## Your assignment
The answer is all of the data repeated exactly, with each picture omitted.

## Collected material
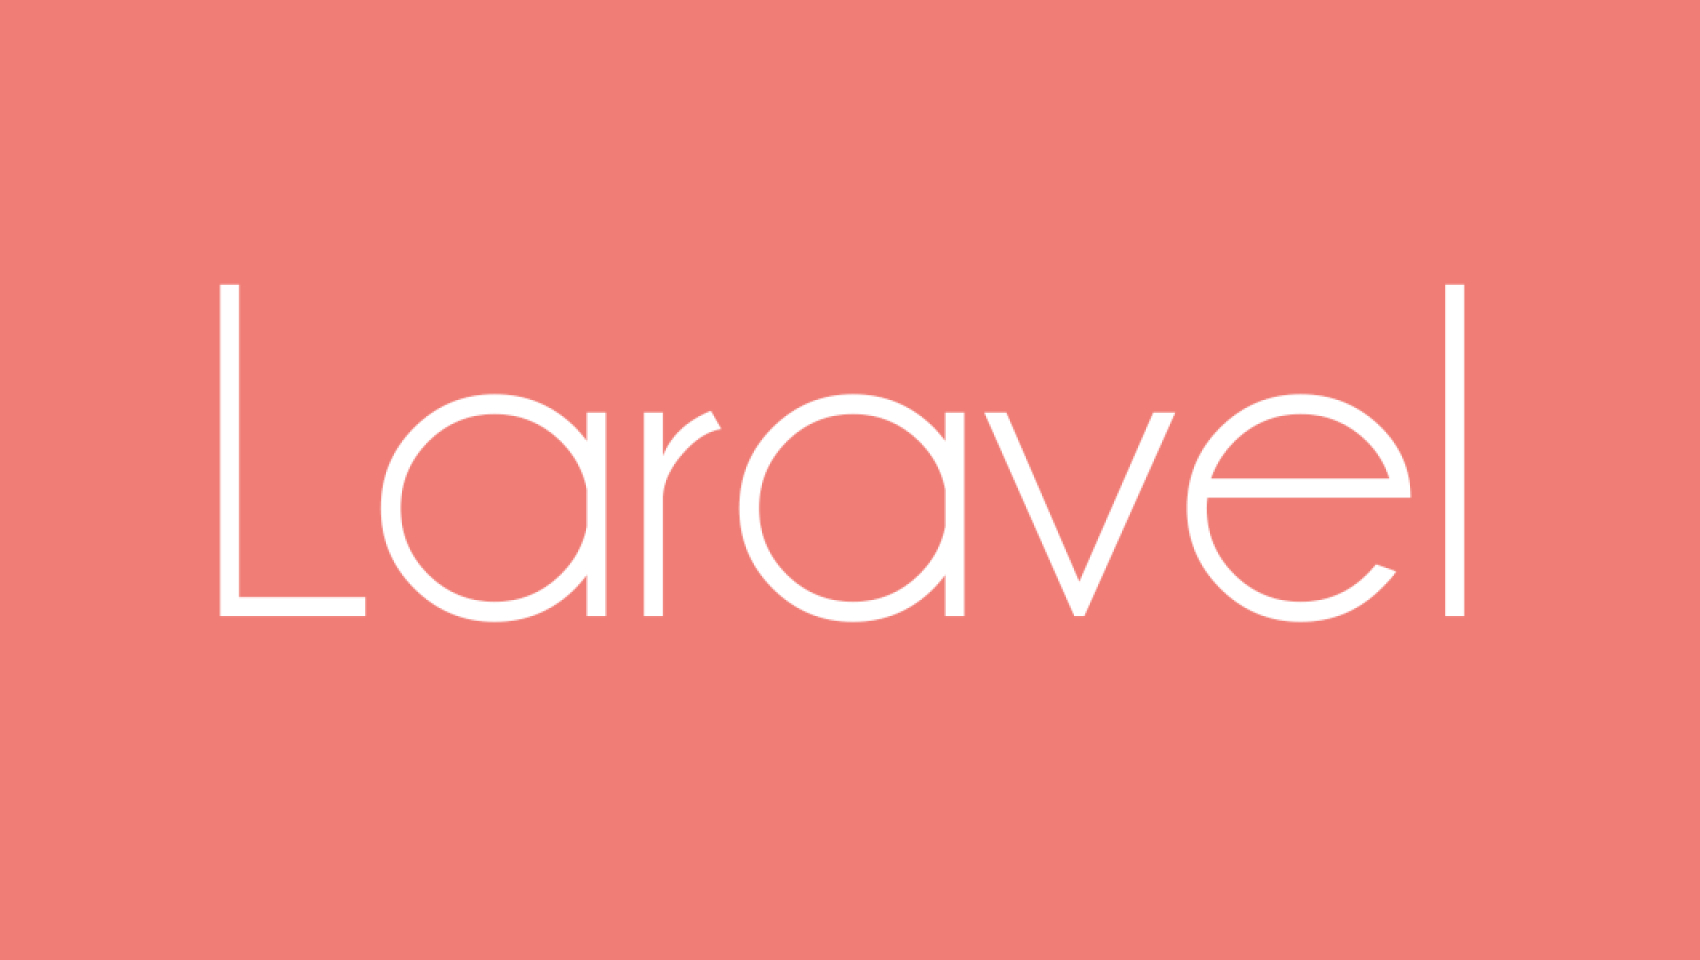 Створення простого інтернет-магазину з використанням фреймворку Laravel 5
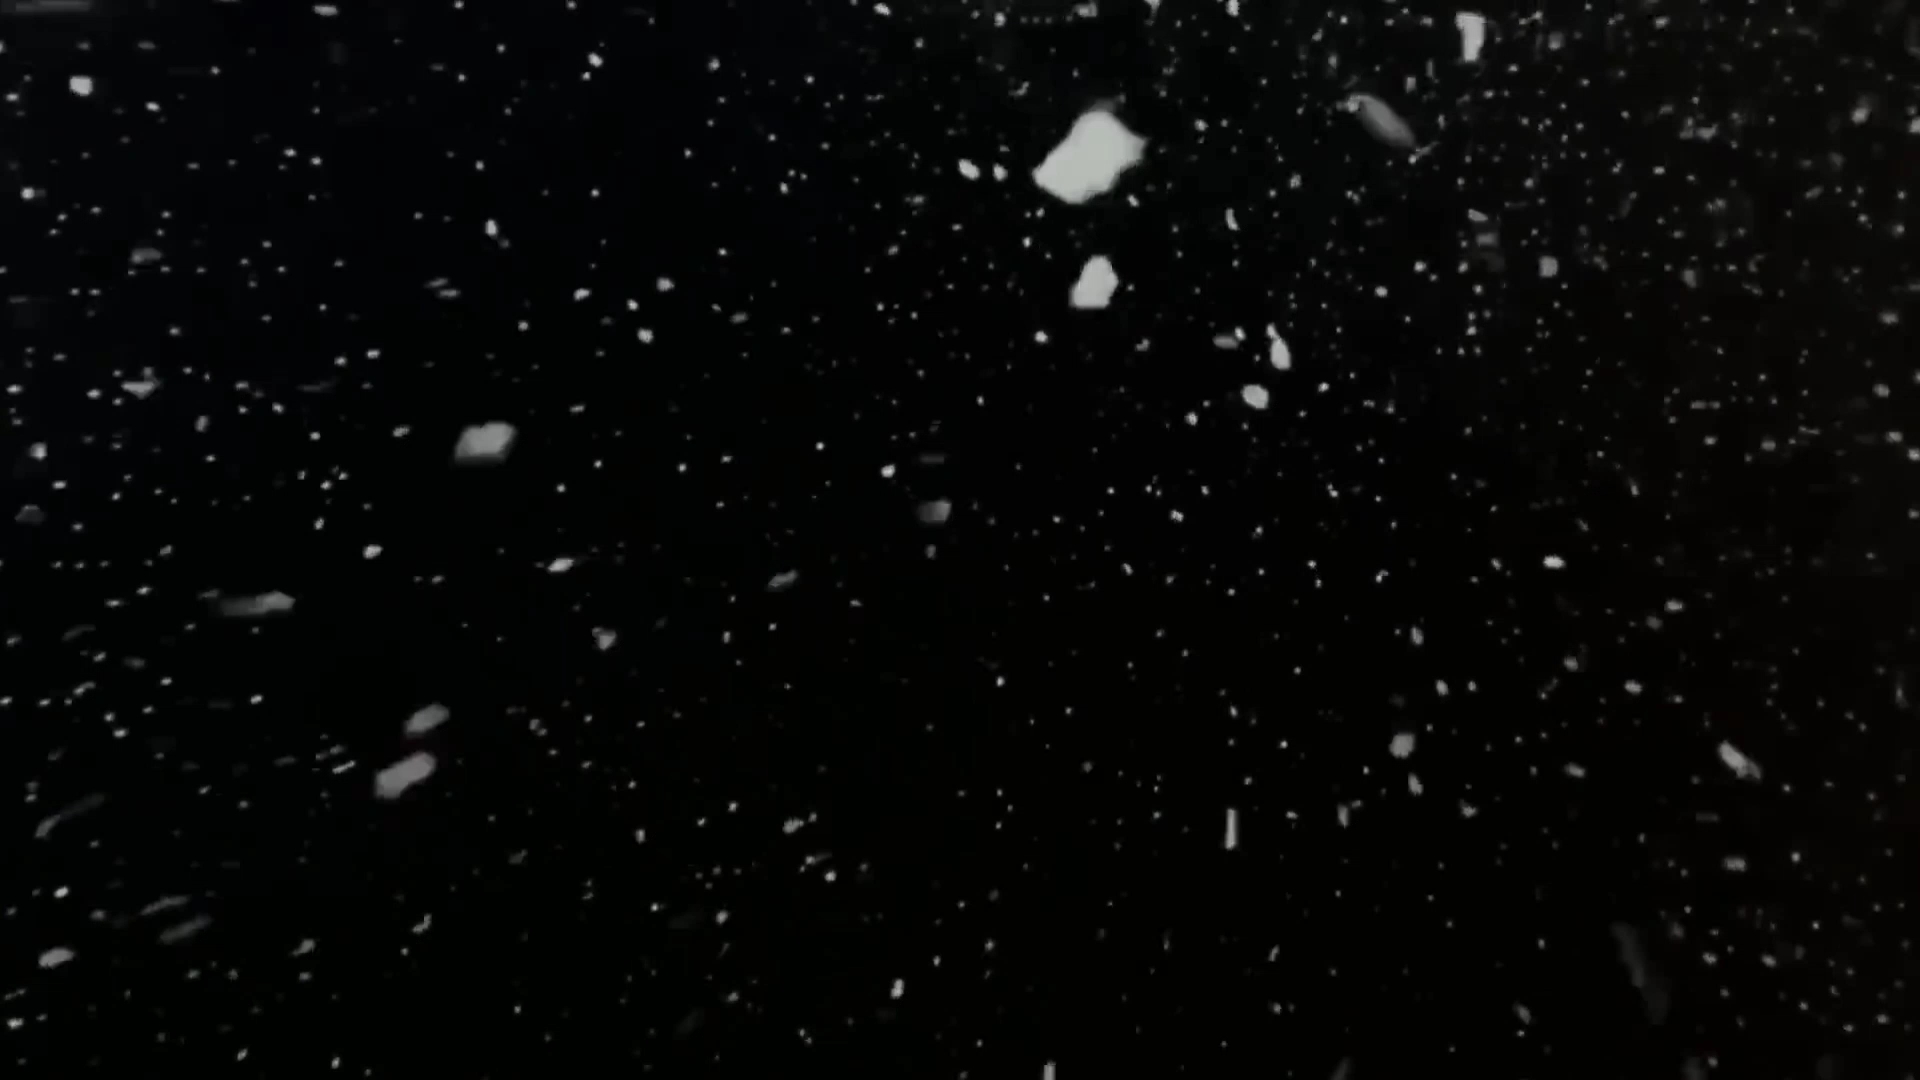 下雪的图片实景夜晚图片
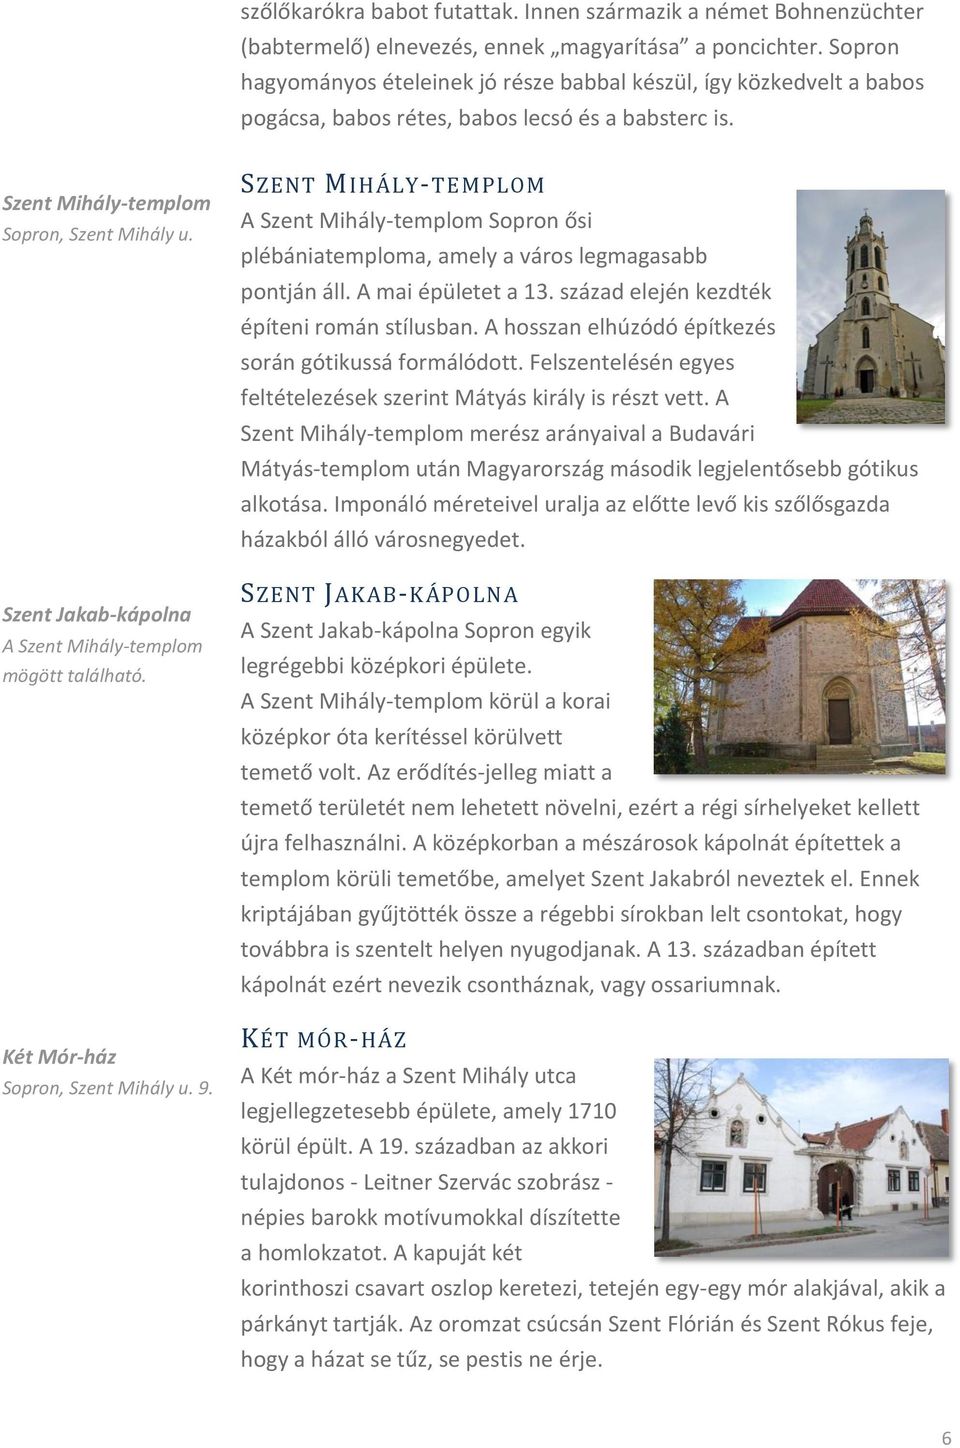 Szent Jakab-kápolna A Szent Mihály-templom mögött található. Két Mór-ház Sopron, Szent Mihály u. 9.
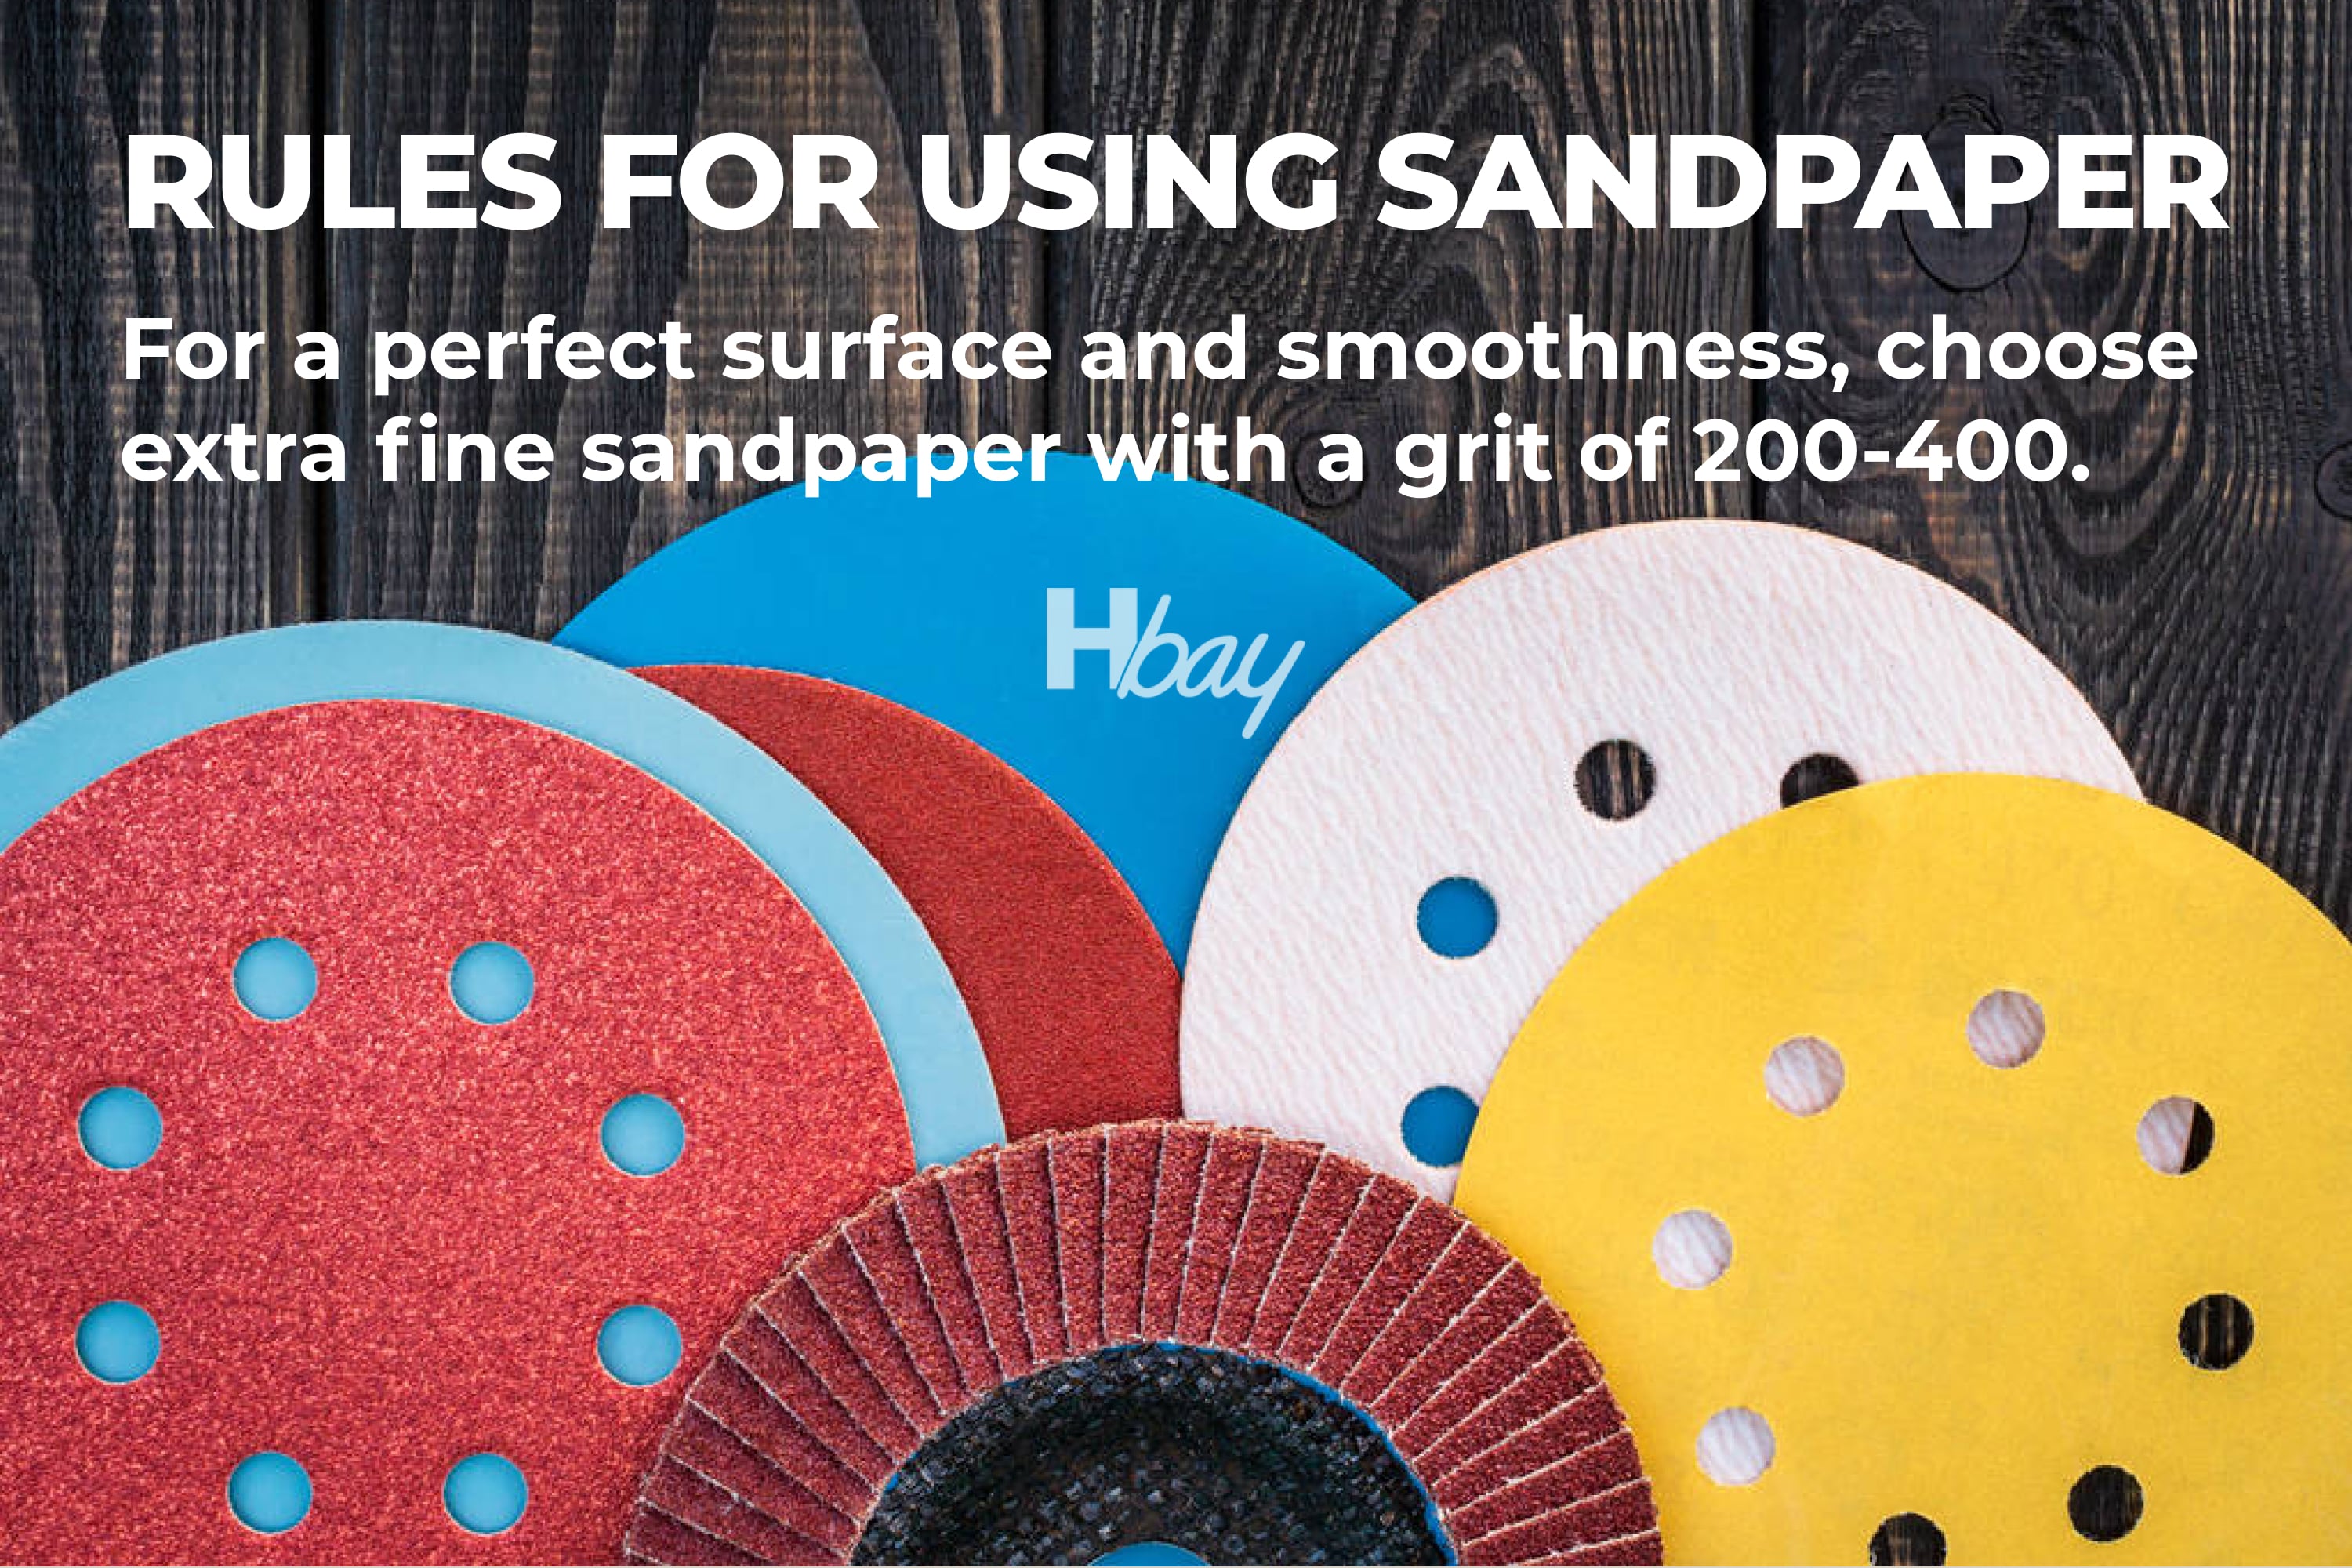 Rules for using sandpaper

## Finished task
 Створення простого інтернет-магазину з використанням фреймворку Laravel 5
 下雪的图片实景夜晚图片
 Szent Jakab-kápolna A Szent Mihály-templom mögött található. Két Mór-ház Sopron, Szent Mihály u. 9.
 Rules for using sandpaper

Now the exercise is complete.